In case a particular feature only occurred once while training a ZeroMeanUnitStddevExtractor (or always occurred with the same value), stats.stddev will be 0, and so (value - stats.mean) / stats.stddev will be NaN leading to problems down the line. I am not sure what would be the best solution here.

Comment #1 originally posted by ClearTK on 2014-03-15T18:11:10.000Z:

This issue reminds me a bit of Issue-396 - might be useful to consult that fix for this.

Comment #2 originally posted by ClearTK on 2014-04-12T18:02:48.000Z:

Alexey, I'm curious to know if you have thought any more about how you would like this issue to be resolved. I am inclined to recommend that we modify org.cleartk.ml.feature.transform.extractor.ZeroMeanUnitStddevExtractor.train() so that it throws an exception if the stddev is 0 when it is writing out the MeanVarianceRunningStat objects. It seems like a very poor choice of a feature if it only occurs once or it is always the same value. I think it would be better to make sure it fails during training rather than somehow try to make it work when classifying.

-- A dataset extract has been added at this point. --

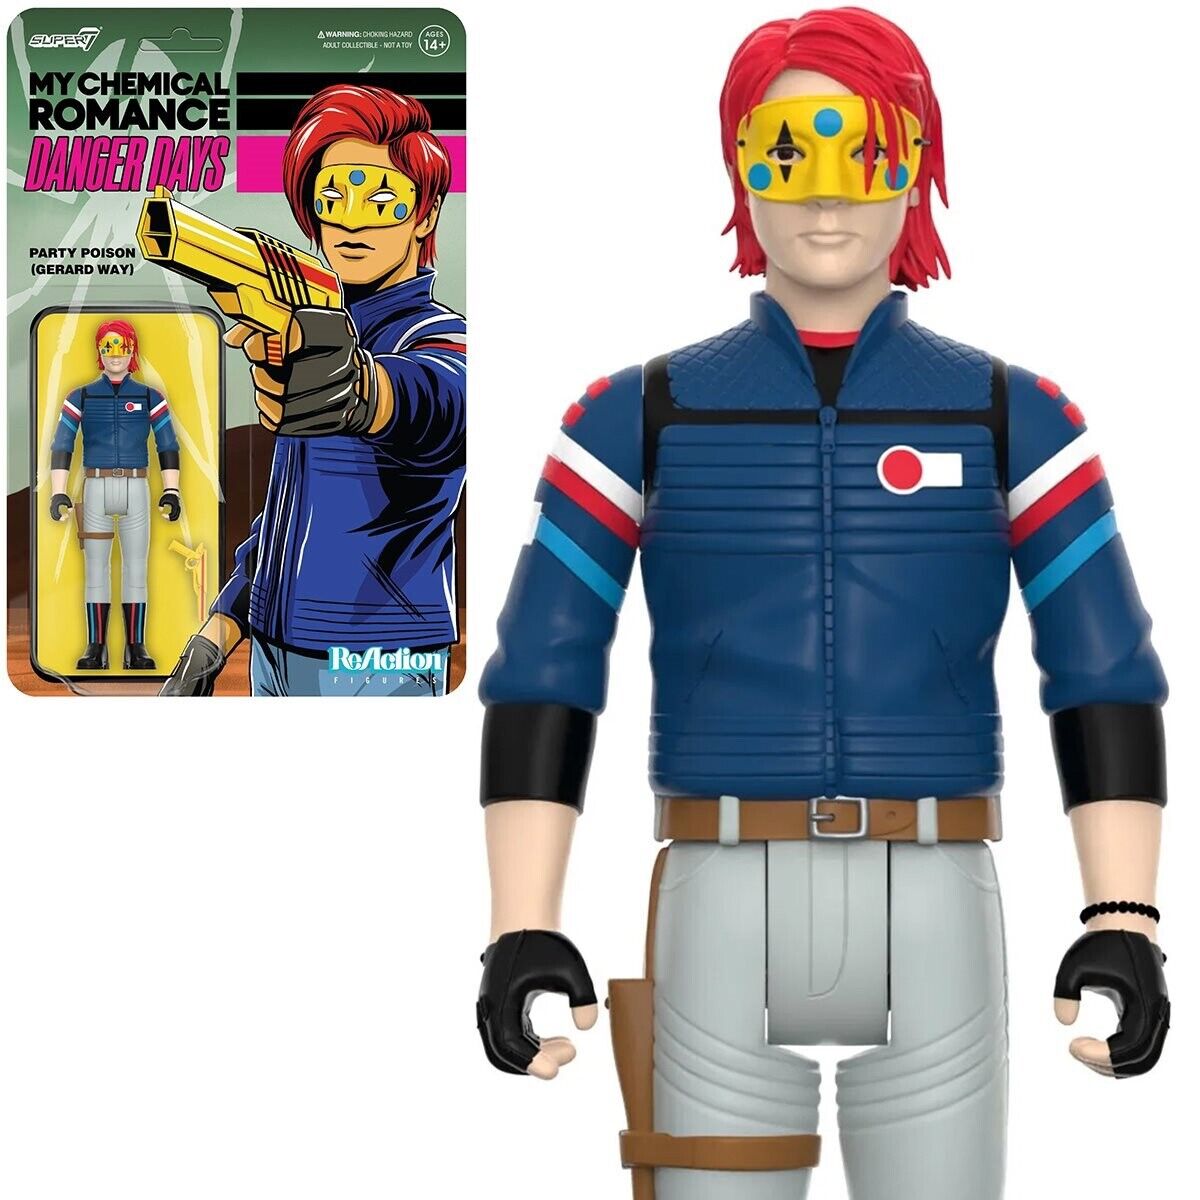 Super7 • My Chemical Romance • Danger Days Party Poison • 3 ¾ inch • Ships Free

What is your thought?

Comment #3 originally posted by ClearTK on 2014-04-12T18:34:41.000Z:

The feature I ran into it with was 3-grams, which will quite often be unique in the learning data, and while the proper thing to do would be to add a special feature for unique (or rare) n-grams, is there a simple way to do this in ClearTK? I don't remember seeing one, but I am no longer using ClearTK actively.

Comment #4 originally posted by ClearTK on 2014-04-12T18:47:36.000Z:

I'm not understanding the use case. Are you saying that you were training a ZeroMeanUnitStddevExtractor for each unique 3-gram in your training data? For starters, that feature extractor is meant for numeric features.

I would think that a TF-IDF feature for bag-of-ngrams might be a good starting place.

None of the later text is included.